This summer, people find Cleveland synonymous with two national spotlights: the Cavaliers’ NBA title and the Republican National Convention. The quieter, simpler attractions in Northeast Ohio are often overlooked by the teams and museums that make The Land famous (or infamous); however, there are scores of natural exhibits that, in my mind, Trump the city’s headline-earning events.
(Feel free to pretend that I didn’t even
attempt to make Trump’s name into a pun.)
Just outside the city in Kirtland, Ohio, a hidden treat (or, should I say,
treet) rests beneath the treetops on more than 3,500 acres of land. This nature conservatory is known as the Holden Arboretum, named after Albert Fairchild Holden who funded the project as a memorial for his daughter.
As the thirteenth-largest public garden in the United States, the Holden Arboretum is home to over 20 miles of hiking trails in addition to its two more popular attractions: the Judith and Maynard H. Murch IV Canopy Walk and the Kalberer Family Emergent Tower.
The lifeguard gods managed to grace both Emma and I with a day off on one of the hottest days of the summer, so we opted to spend it beneath the shade of more than 120,000 different trees and other vegetation that cover this 3,600 acre plot of land.

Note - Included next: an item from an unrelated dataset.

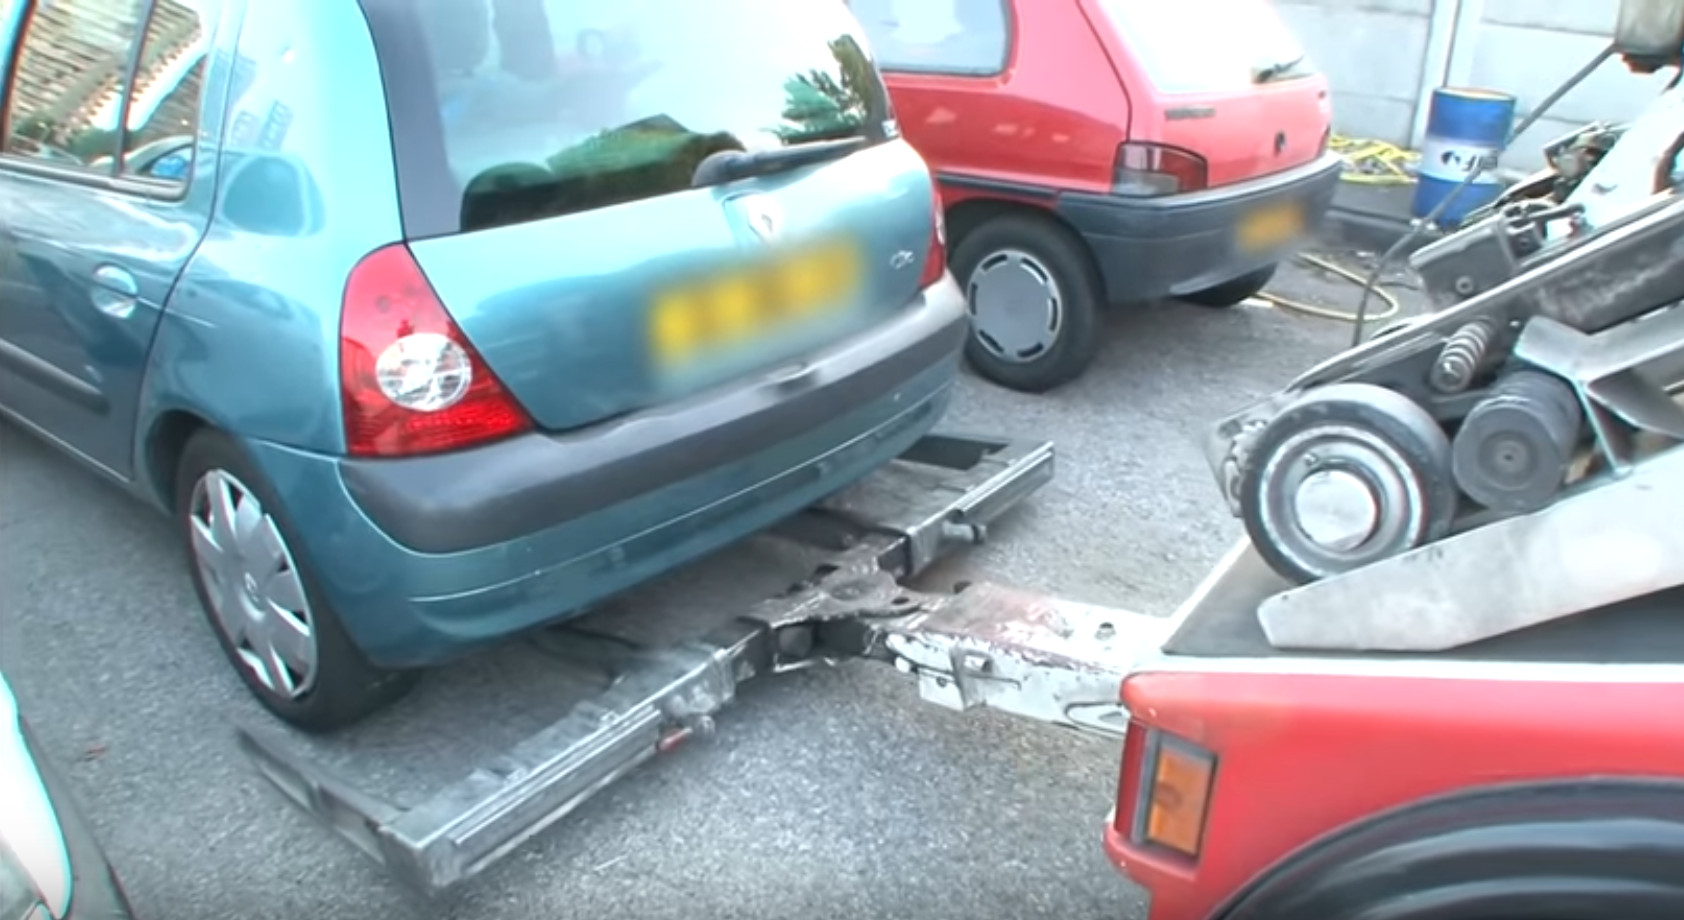 Enlèvement voiture à Saint-Germain-en-Laye

The Holden Arboretum charges visitors for entrance into the conservatory: $6 for children ages 6-18, and $14 for everyone over the age of 18. I checked their website before we left and discovered that they do offer a student discount with a valid college ID, though I was still feeling a twinge of jealousy as I handed over my $13 while Emma only paid $5– getting old can be a bummer. However, the moment we set foot on the trails, I knew that this minor expense would soon be forgotten as we took in the natural wonders that our fees work to maintain.
Our first trail took us to the 500-foot long Judith and Maynard H. Murch IV Canopy Walk that is constructed from four suspension bridges and viewing platforms. The ramp that took us from the ground to the treetops started to trigger our mutual fear of heights, but the views were nothing compared to the Canopy Walk itself.

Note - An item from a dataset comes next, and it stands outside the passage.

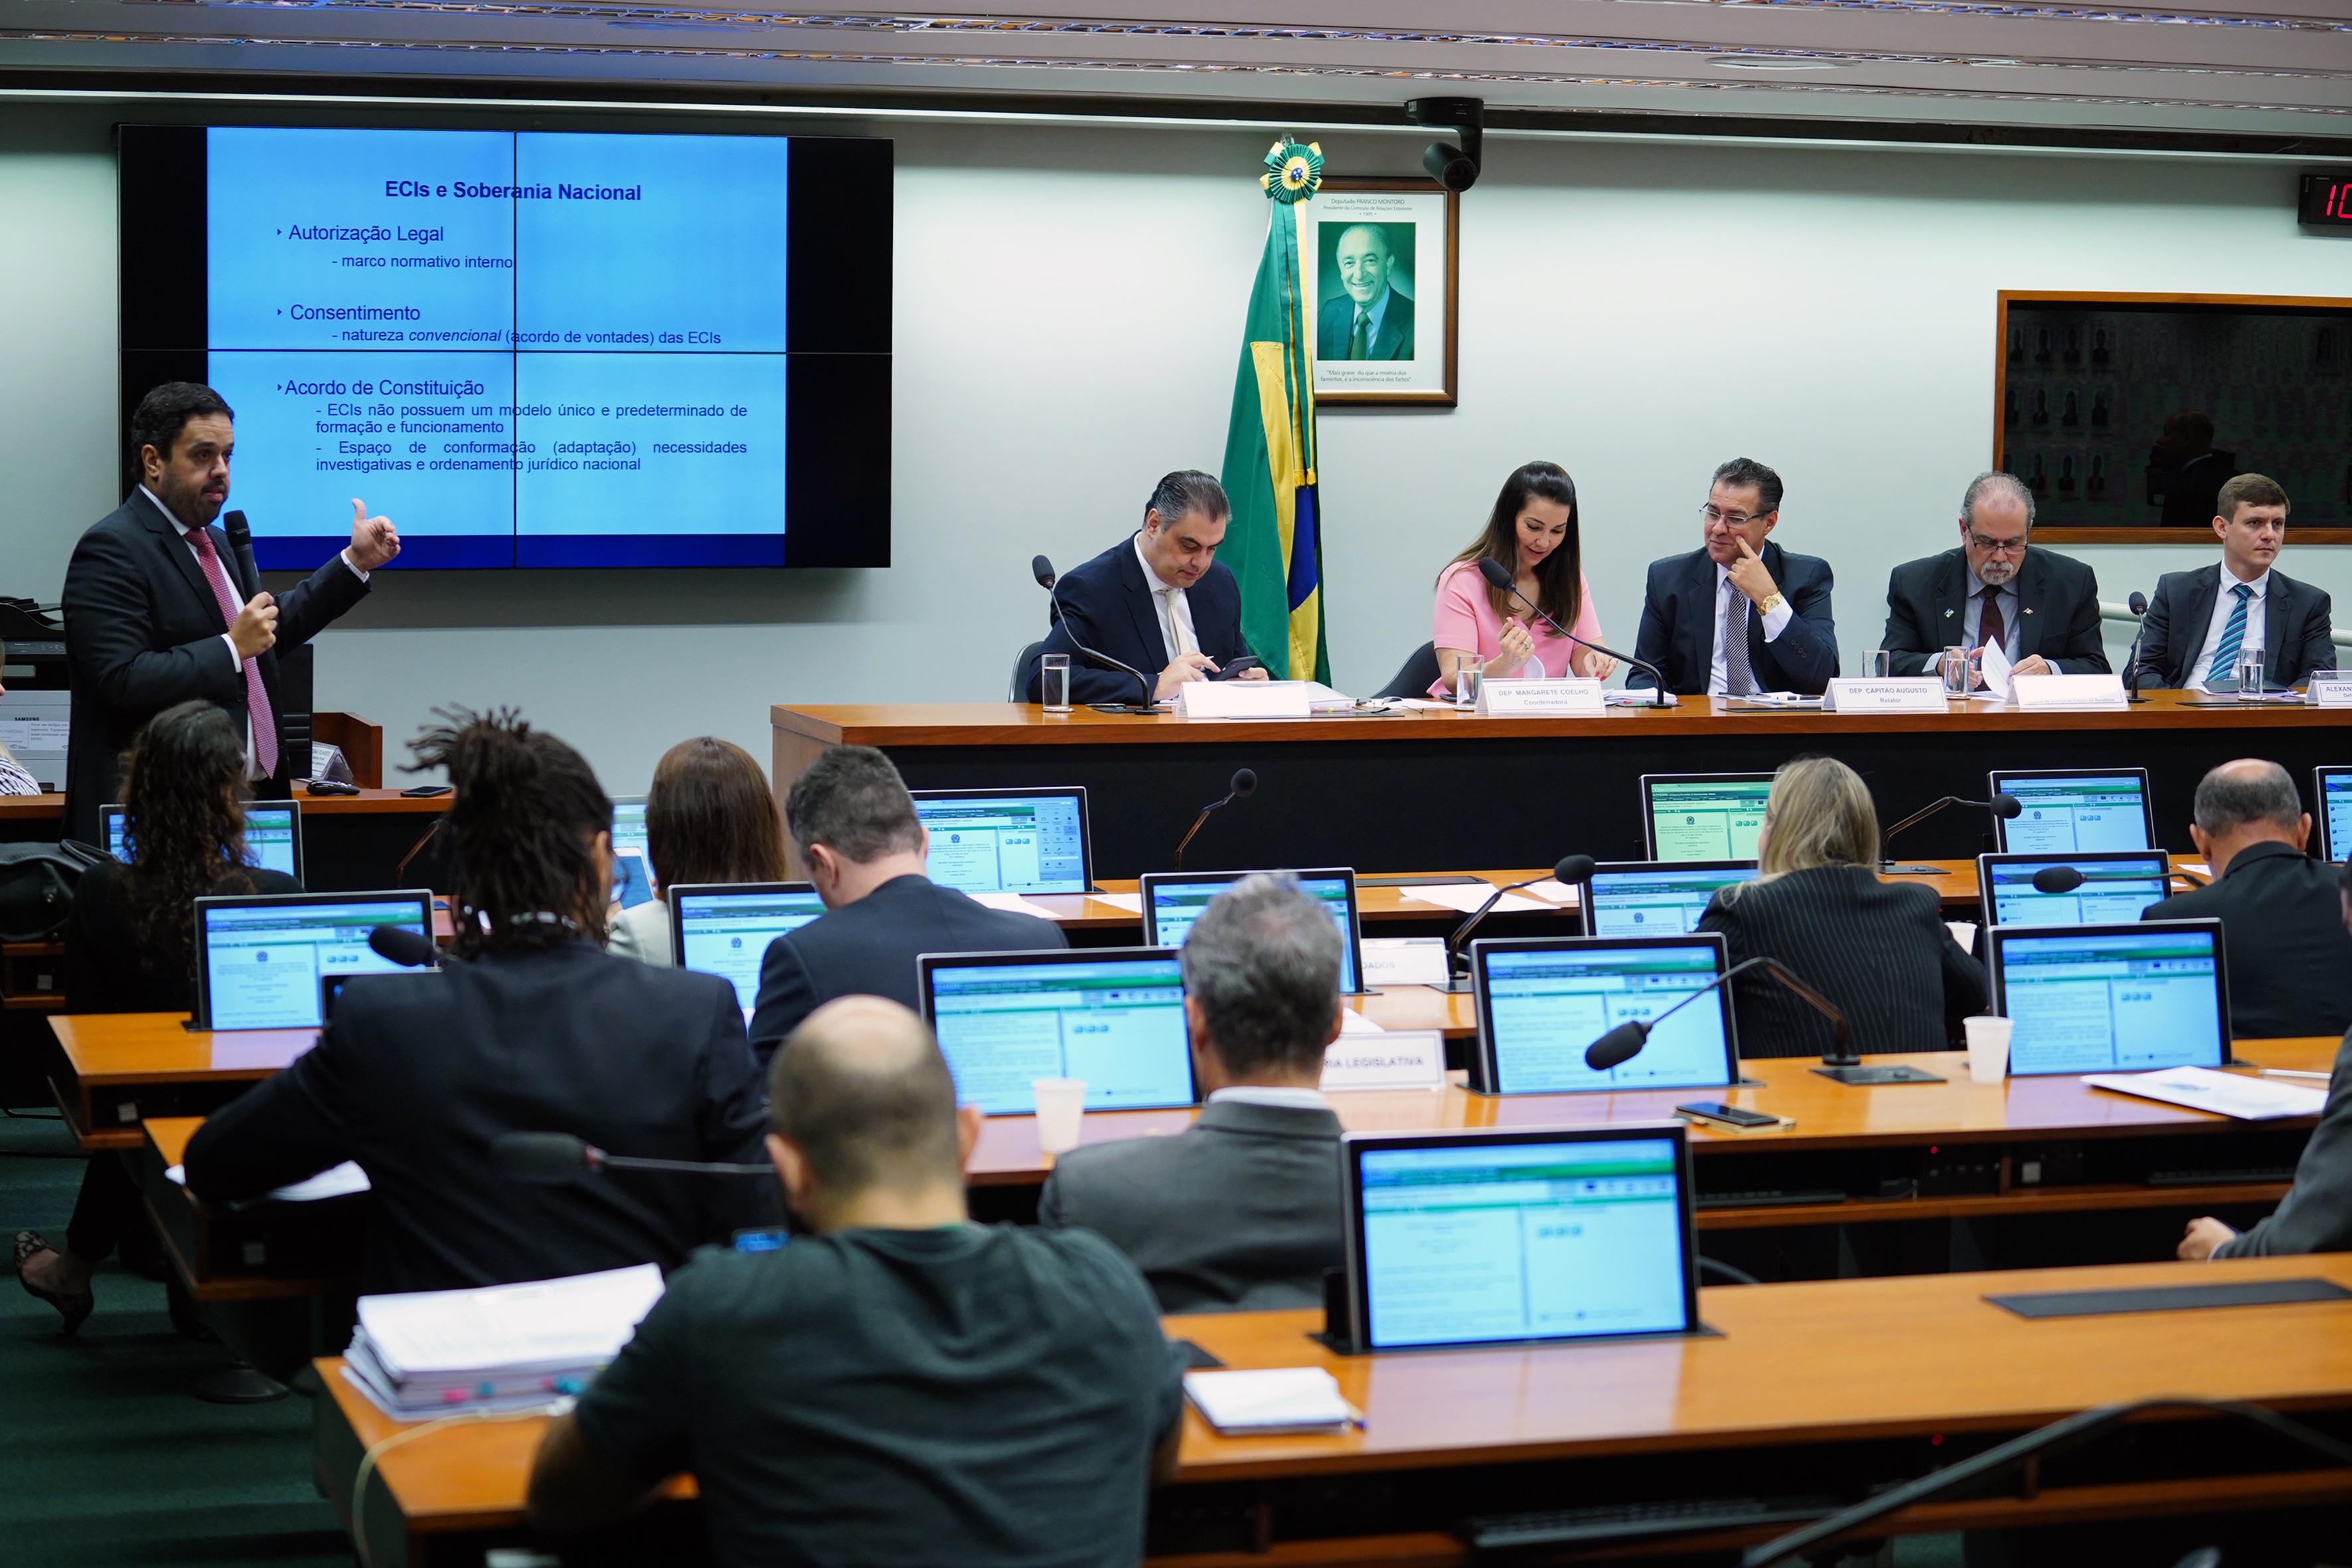 Audiência pública sobre os temas propostos no Roteiro de Trabalho

At 65 feet above the ground, the holes in the Canopy Walk’s floor allowed us to peer down through the leafy branches at the habitats below. The bridge’s gentle sway in the breeze made me feel like I was on an enormous hammock, but I was grateful for the security the fenced-in railings provided.
Signs are posted several feet from the entrance urging visitors to spend less than 30 minutes on the Canopy Walk to ensure that every guest has enough time to peacefully experience the walk, but the heat advisory managed to keep the crowds to a minimum; Emma and I were free to explore the canopy for as long as we wanted. The bridges loop around the trees so the path ends on the same platform on which it begins, but the vast expanse of wildlife ensures that no matter where you stand, you never experience the same view twice.

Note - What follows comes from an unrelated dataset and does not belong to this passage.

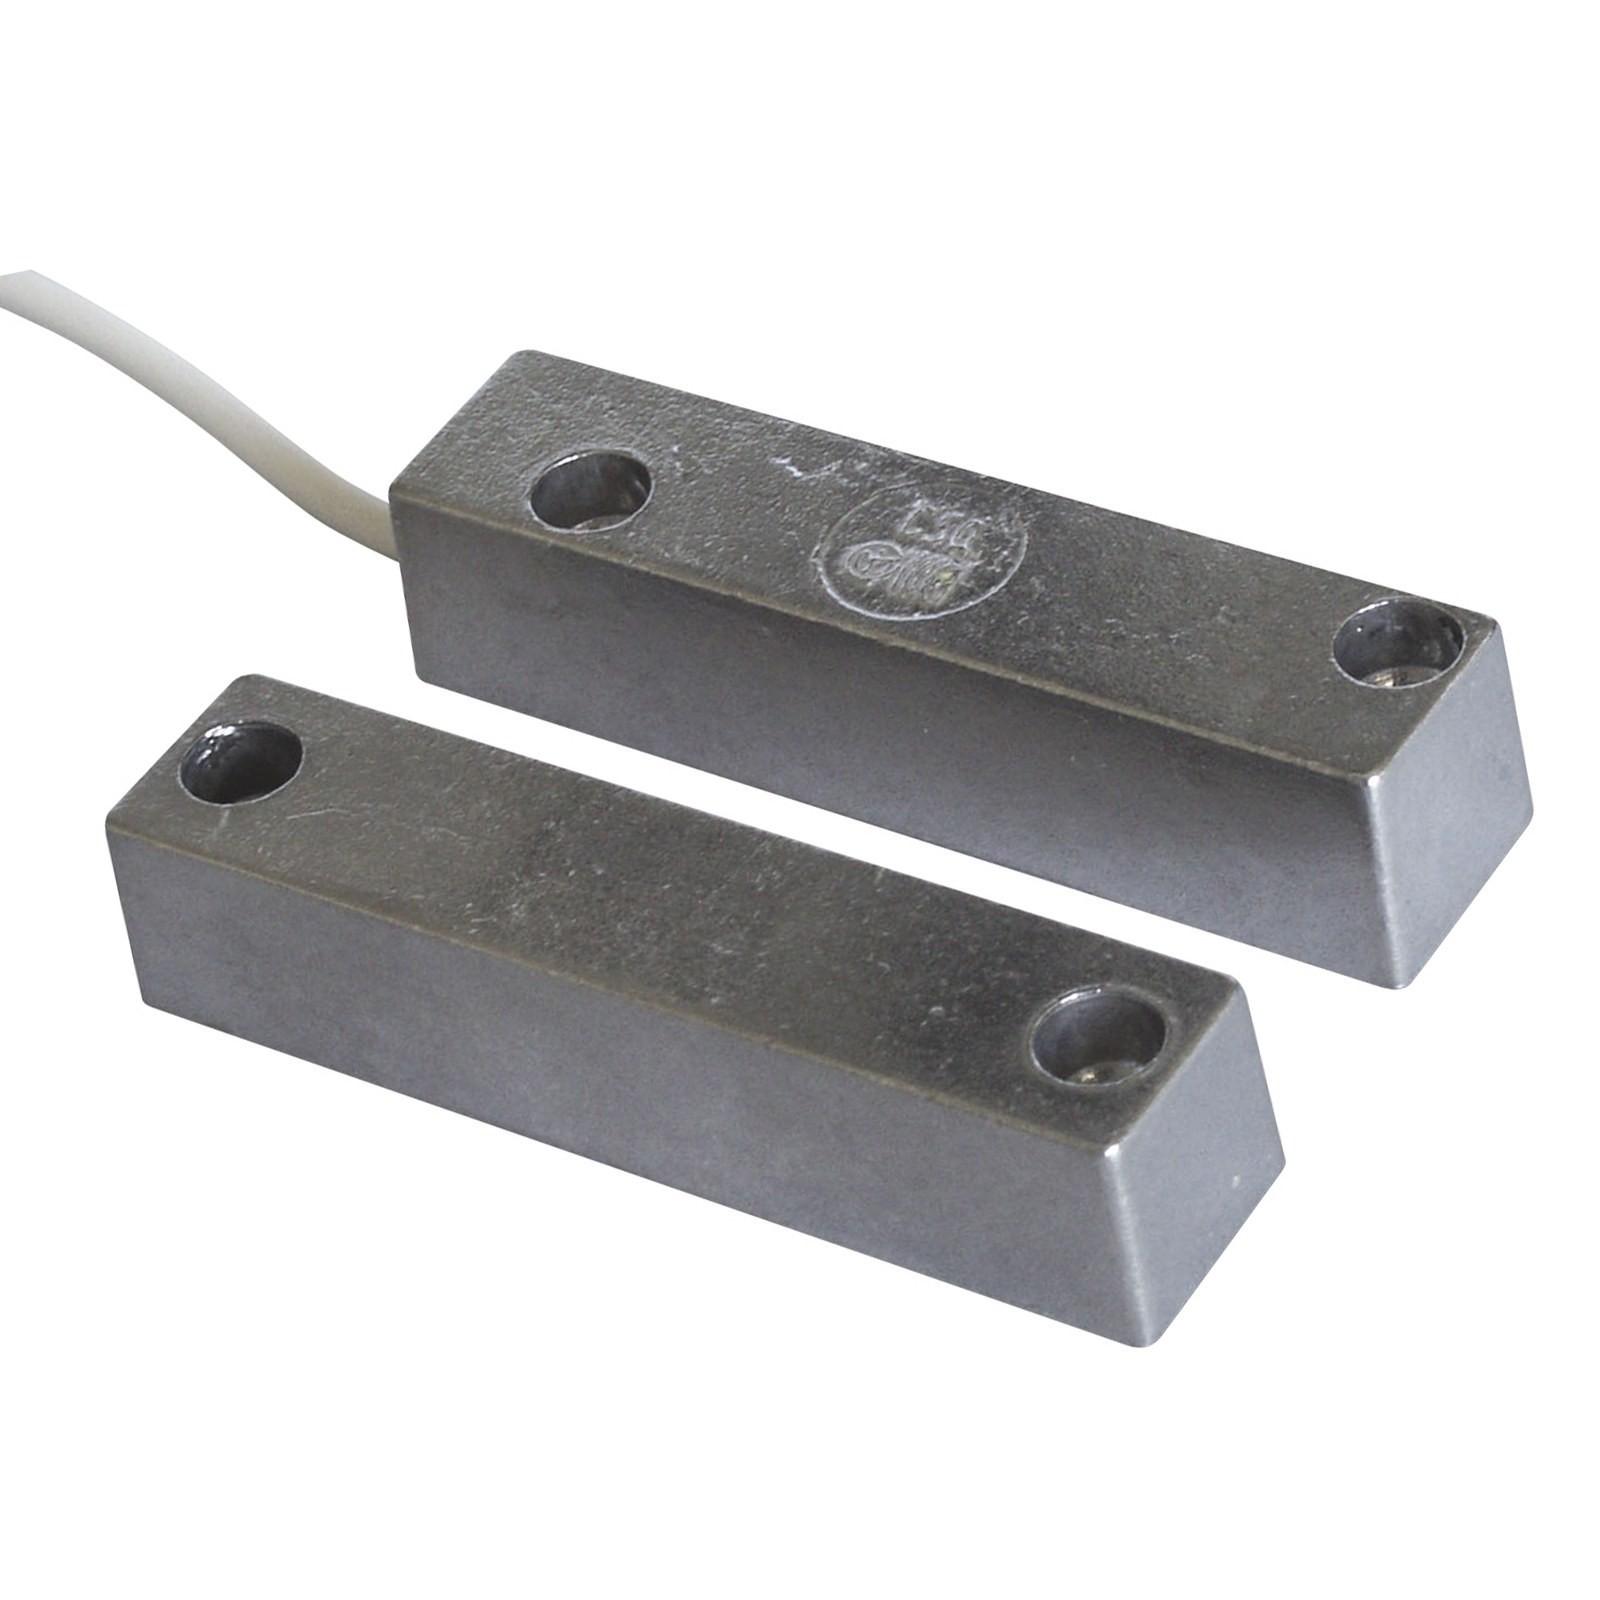 Contatto magnetico allarme antifurto in alluminio per porte contatti magnetici area illumina - Contatti magnetici per finestre vasistas ...

Several signs are sprinkled throughout the walk that provide insight into the forms of wildlife visitors can view from the Canopy Walk. Others, like this one, commemorate quotes from the very people who helped make the attractions at the conservatory possible. As the sign suggests, there are few better places to pause for reflection than a shaded path among the trees.
After completing the Canopy Walk, Emma and I followed the signs toward several other trails before we made our way to the Emergent Tower.
Unfortunately, the heat did make it less enticing to properly appreciate all of the hiking trails.
However, the few we managed to explore offered an abundance of beautiful surprises around every bend.
Just as our sweat became unbearable, we made it to the Kalberer Family Emergent Tower– a 120-foot-tall structure housed in the oak-maple forest.
Visitors reach the tower’s 12-story peak by ascending the 202 stairs that wind through six resting platforms.
Although the structure provided a sense of shelter and shade, the sunlight peaking through the trees was a constant reminder to take our eyes off of the stairs ahead and instead look out at the birds and butterflies that fluttered through the endless expanse of green.
The higher you climb, the narrower the staircase becomes. The final slim metal stairs made the trek rather unnerving…
…until we reached the top.
As we paced around the upper platform and took in the 360 degree view of the seemingly never-ending forest, we couldn’t help but pause and gaze in speechless awe because we were comfortably standing above the treetops. Even the intense sunlight couldn’t keep us from pausing to take in the views– it made us savor the cooling breeze that otherwise would have only drawn us to notice the consistent sway of the tower. Again, I was more than thankful for the railings!
It was almost unfathomable that we could be standing atop the miles of vegetation that would otherwise be overlooked– or underlooked— simply because of the extraordinary height of the trees.
Although we avoided the crowds by visiting on a 95-degree day, I must admit that these outdoor attractions might be more enjoyable on slightly cooler days. We decided that we would have to return some day in the fall to experience a more colorful version of the already breathtaking views. Another great excuse for an adventure? Yes, trees! Err– please!